= Eastern Division (United States Army) =

Eastern Division of the United States Army was one of its superior administrative organizations that existed during the mid-19th century and for a short time in the early 20th century.

== Eastern Division 1837 - 42 ==
Eastern Division of the U. S. Army was first created 1837, as the Army reorganized its administration. It had a subordinate 7th Military Department until 1841, and it was eliminated in 1842.

==Renewed Eastern Division 1844 - 53==
The Eastern Division was restored in 1844 with subordinate 5th Military Department until 1848 and the 8th Military Department until 1846.

From 1848 to 1853 the Eastern Division had 4 subordinate departments.
- 1st Military Department, 1848–53; consolidated 1st and 3d Military Departments, 1849–50
- 2nd Military Department, 1848–51; consolidated 1st and 2d Military Departments, 1848–49
- 3rd Military Departments, 1848, 1850–53
- 4th Military Departments, 1848–53; consolidated 3d and 4th Military Departments, 1848

In 1853, the Eastern Division was replaced, along with the whole division echelon, in favor of territorial Departments. The Department of the East absorbed the four numerated departments (1st-4th) of the Eastern Division, with boundaries encompassing all the states east of the Mississippi River.
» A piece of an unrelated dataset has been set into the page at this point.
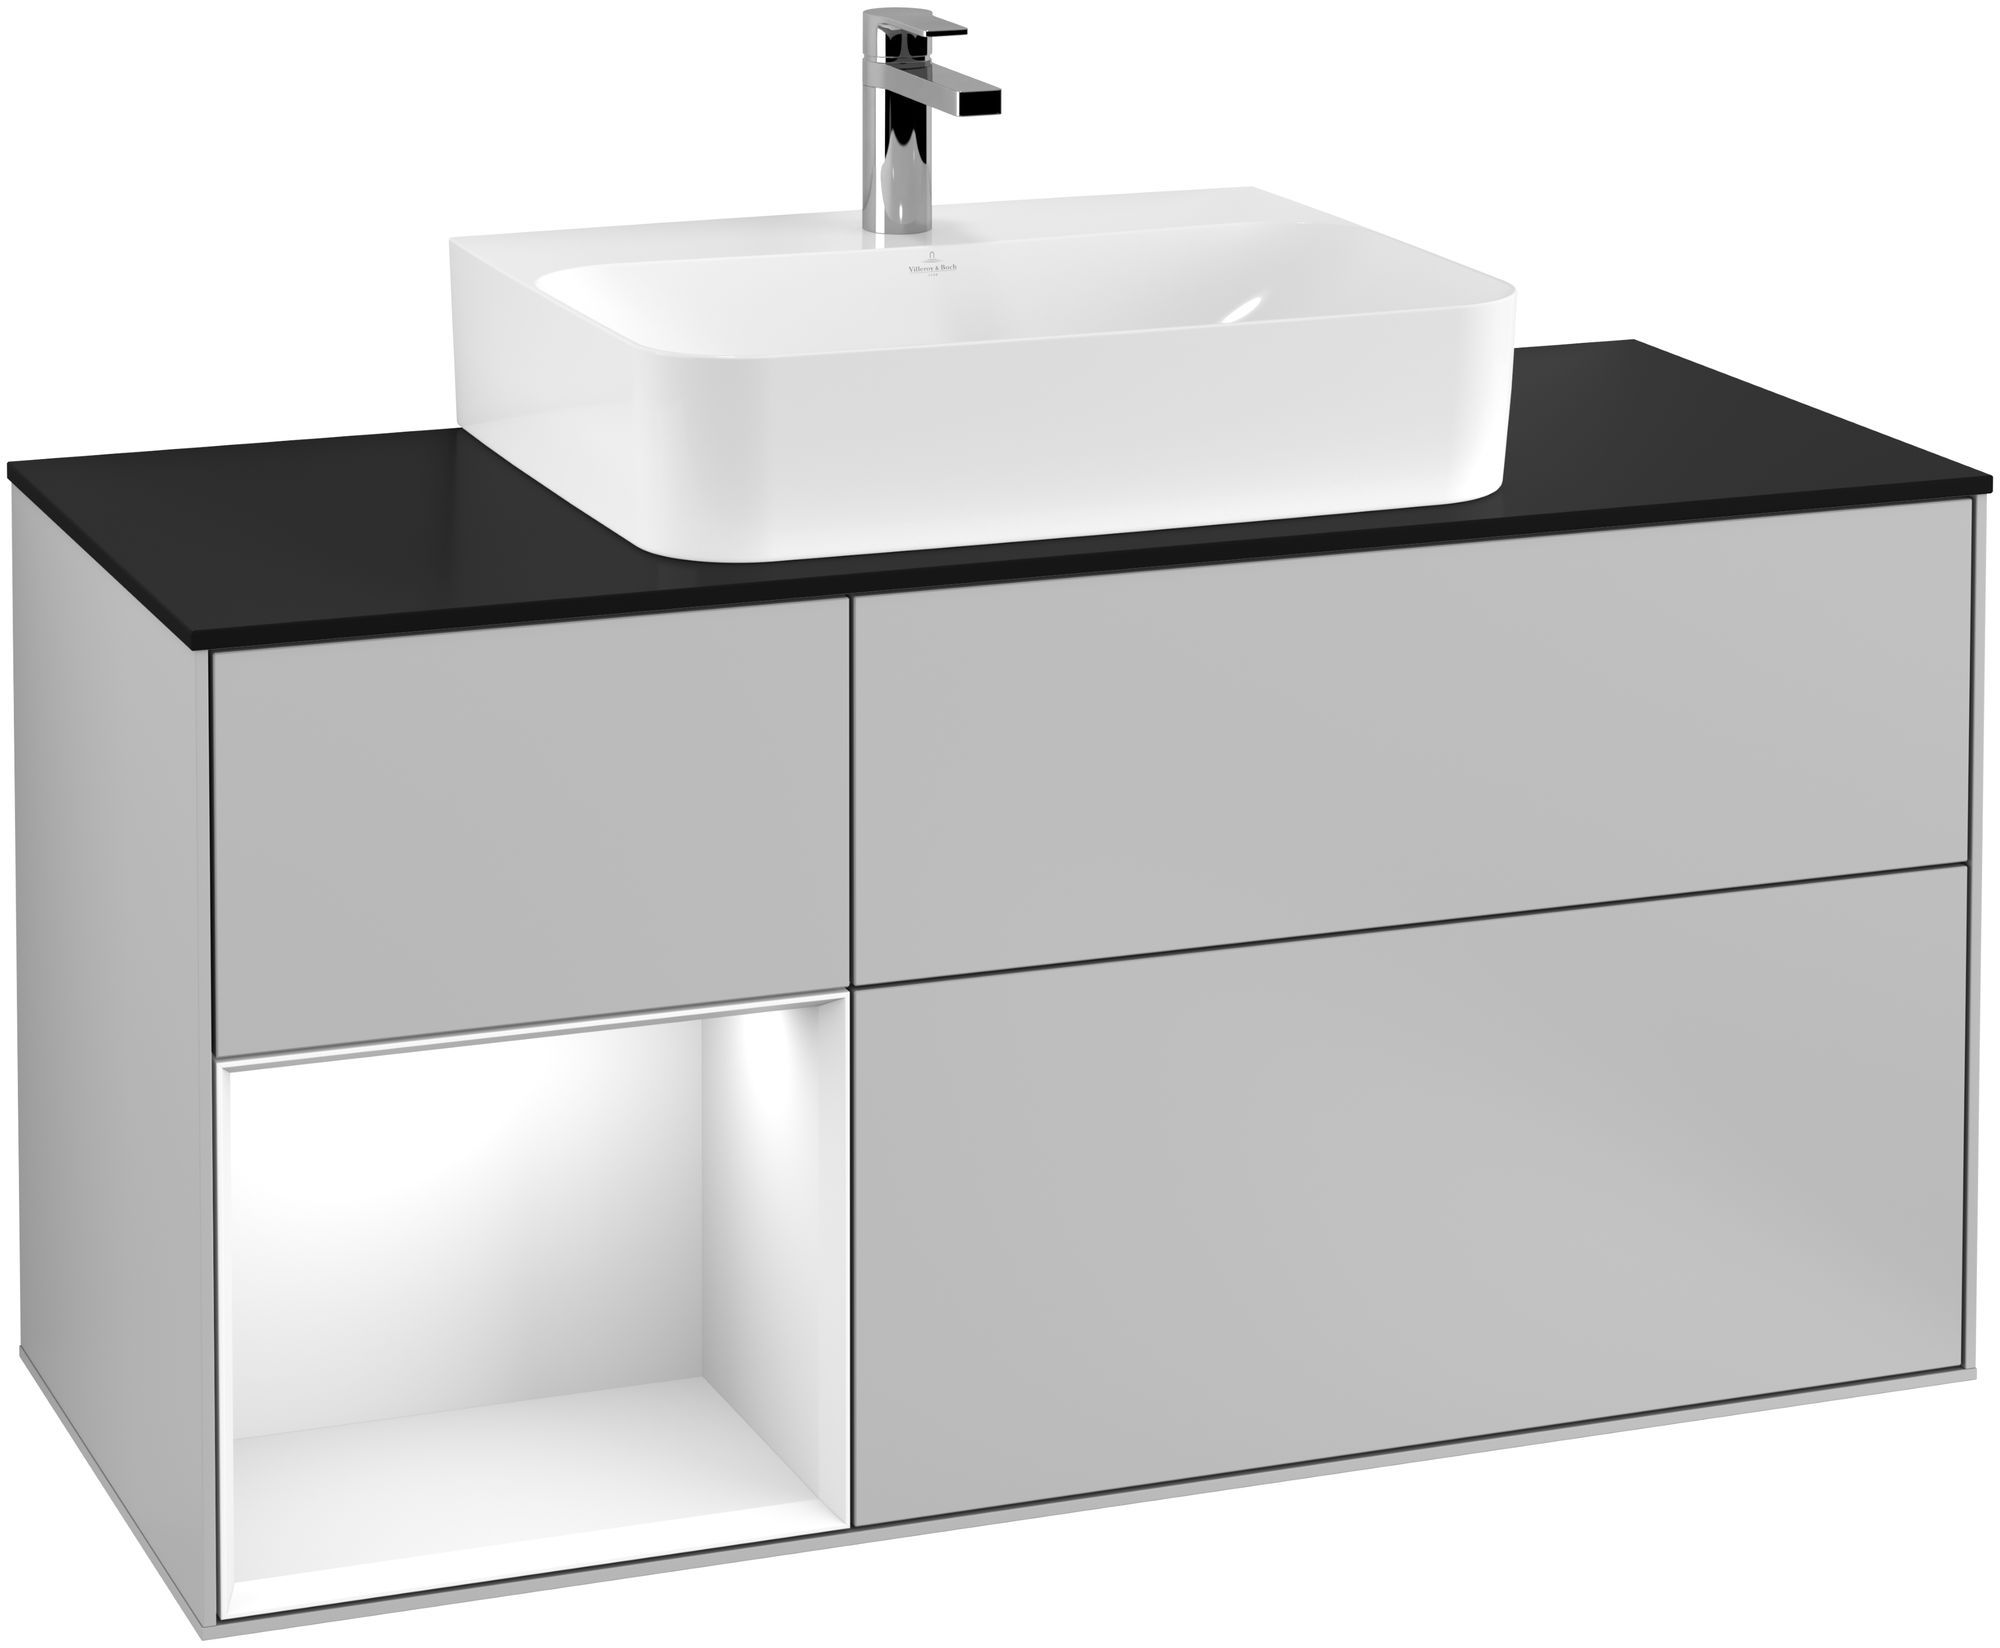 Villeroy & Boch Finion G16 Waschtischunterschrank mit Regalelement 3 Auszüge für WT mittig LED-Beleuchtung B:120xH:60,3xT:50,1cm Front, Korpus: Light Grey Matt, Regal: Glossy White Lack, Glasplatte: Black Matt G162GFGJ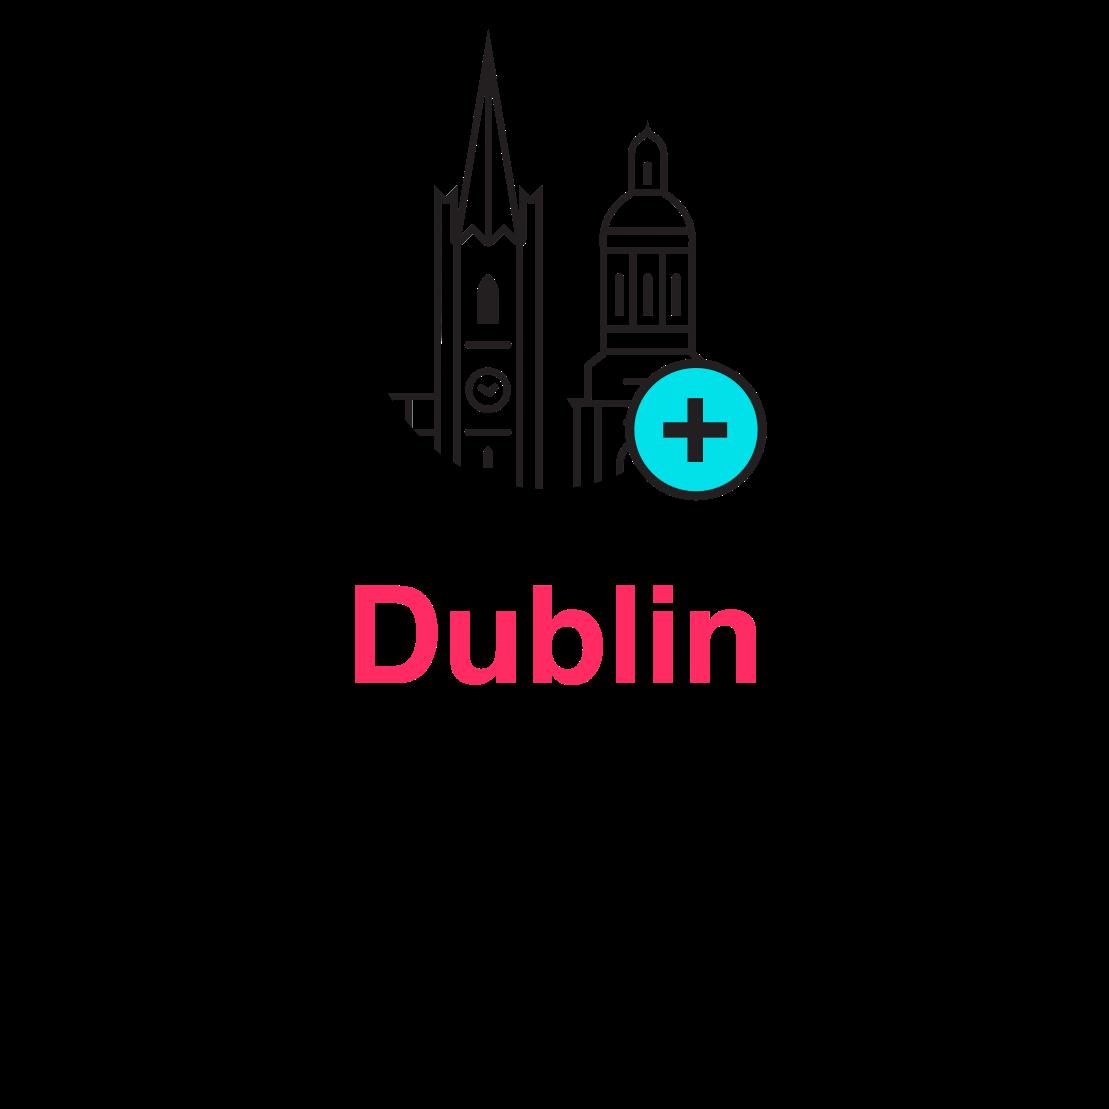 Dublin 11 -1109-1

== Renewed Eastern Division 1911 - 13 ==
The departments were again organized under new divisions in 1911, with the Eastern Division having the subordinate Department of the East and Department of the Gulf. In 1913, the “Stimson Plan” again eliminated the division administrative echelon. The Eastern Department and Southern Department absorbed most of the Eastern Division.